It is suggested that Non-Alcoholic Fatty Liver Disease (NAFLD), which underlies diseases such as increasing obesity and insulin resistance, may be associated with thyroid dysfunction.14–17 Despite the physiological mechanism that appears to underlie NAFLD development, it is still unknown how thyroid dysfunction and the metabolic syndrome are related to NAFLD. Thyroid hormones play a critical role in regulating metabolism, particularly lipid metabolism in the liver. The patients with subclinical and clinical hypothyroidism have a considerably increased chance of developing NAFLD than people with euthyroidism. Patients with hypothyroidism have elevated triglyceride and LDL cholesterol levels due to decreased plasma lipoprotein lipase activity. According to these mechanism, fatty accumulation and cellular oxidative stress might be associated with the development of NAFLD.18 In another study, it was discovered that people with euthyroidism had considerably greater FT3 and lower FT4 levels, which increased their chance of developing NAFLD.19 Liu et al was showed that the development of NAFLD and FT3, TSH levels were found to be correlated, whereas FT4 levels were not20 Also in the other studies showed that the FT3/FT4 ratio, HOMA-IR, uric acid and waist circumference width are both as risk factors for the onset of NAFLD.21,22 Significantly different from these studies, in our study NASH was diagnosed histopathologically. Moreover, we investigated only euthyroid patients with NASH. Therefore, patient selection is one of the strongest aspect of our study and provided a more accurate interpretation of the results.
Some researchers have shown that TH and THR agonist therapies effectively lowered serum levels of triglycerides and free fatty acids and decreased the stage of hepatic stetaosis.23–25 Levothyroxine treatment is effective in terms of lowering liver enzymes and hepatic fat content by thyroid receptor in individuals with hypothyroidism and NAFLD.26 It is interesting to note that this effect was also seen in people who were euthyroid in a study on animals.27 This study differs from other studies by demonstrating that NAFLD is a treatable and reversible condition with a specific therapeutic intervention.28,29 Even while TSH and TH levels were within the normal range in NAFLD patients with the disease verified by biopsy, the NAFLD group in our study had considerably lower FT4 and FT3 values. The most significant finding of our study is that, despite normal TSH levels, lower FT3 and FT4 may be related with fatty liver. In addition, it may be inferred that TH and TRH agonists can be utilized to treat hepatic steatosis, and it would be beneficial to check not just TSH but also FT3 and FT4 levels when monitoring people with NAFLD and hypothyroidism.

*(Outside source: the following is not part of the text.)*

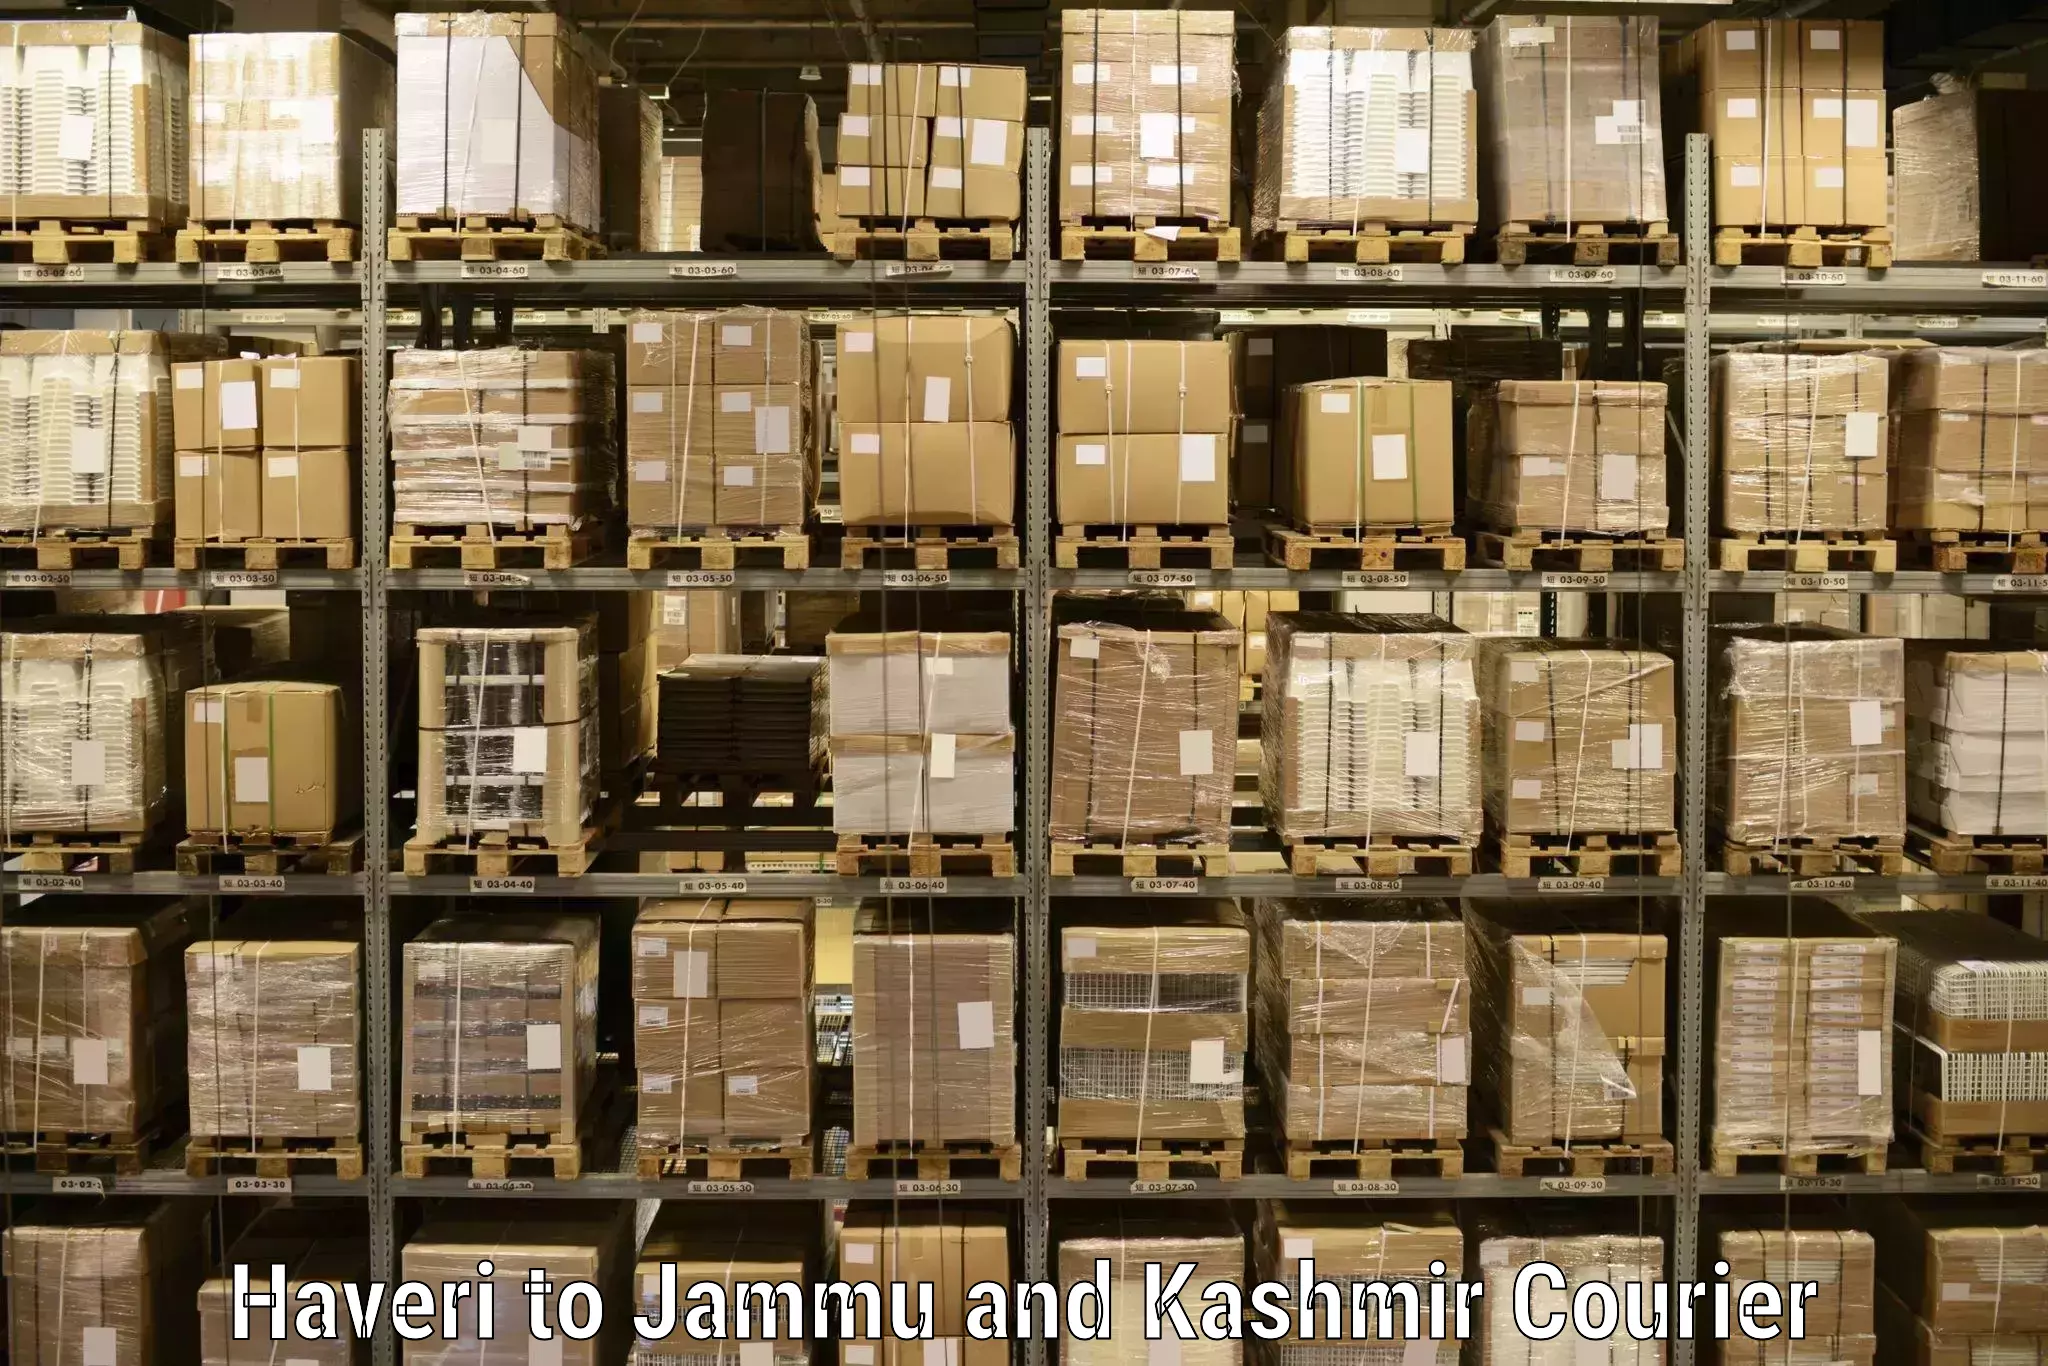 Same-day delivery options Haveri to Srinagar Kashmir

Our study has some limitations. This study includes only living donor candidates who had moderate-severe steatosis on who underwent liver biopsies. This might not be representative of the general population with NAFLD. Secondly, it is a retrospective study.
Conclusion
Low levels of serum FT3 and FT4 might be a risk factor for liver steatosis in euthyroid patients with NAFLD. Clinicians may concentrate on the involvement of thyroid functions in the development of liver fibrosis from fatty liver disease. In the future, the relationship between thyroid disease and fatty liver can be more clearly revealed with prospective studies involving a larger number of patients.
Data Sharing Statement
The data used to support the findings of this study are available from the corresponding author upon request.
Acknowledgments
We would like to thank the Department of Internal Medicine at Demiroğlu Science University, our former institution, for its contributions.
Author Contributions
AO: Methodology, Validation, Funding acquisition, Writing – review and editing
BCT: Resources, Supervision, Project Administration, Methodology
EA: Methodology
TS: Investigation, Writing – original draft
EK: Software
FT: Conceptualization, Formal analysis, Project Administration, Writing – original draft. All authors took part in drafting, revising, or critically reviewing the article; gave final approval of the version to be published; have agreed on the journal to which the article has been submitted; and agree to be accountable for all aspects of the work.
Funding
This research received no external funding.
Disclosure
The authors declare that there is no conflicts of interest in this study.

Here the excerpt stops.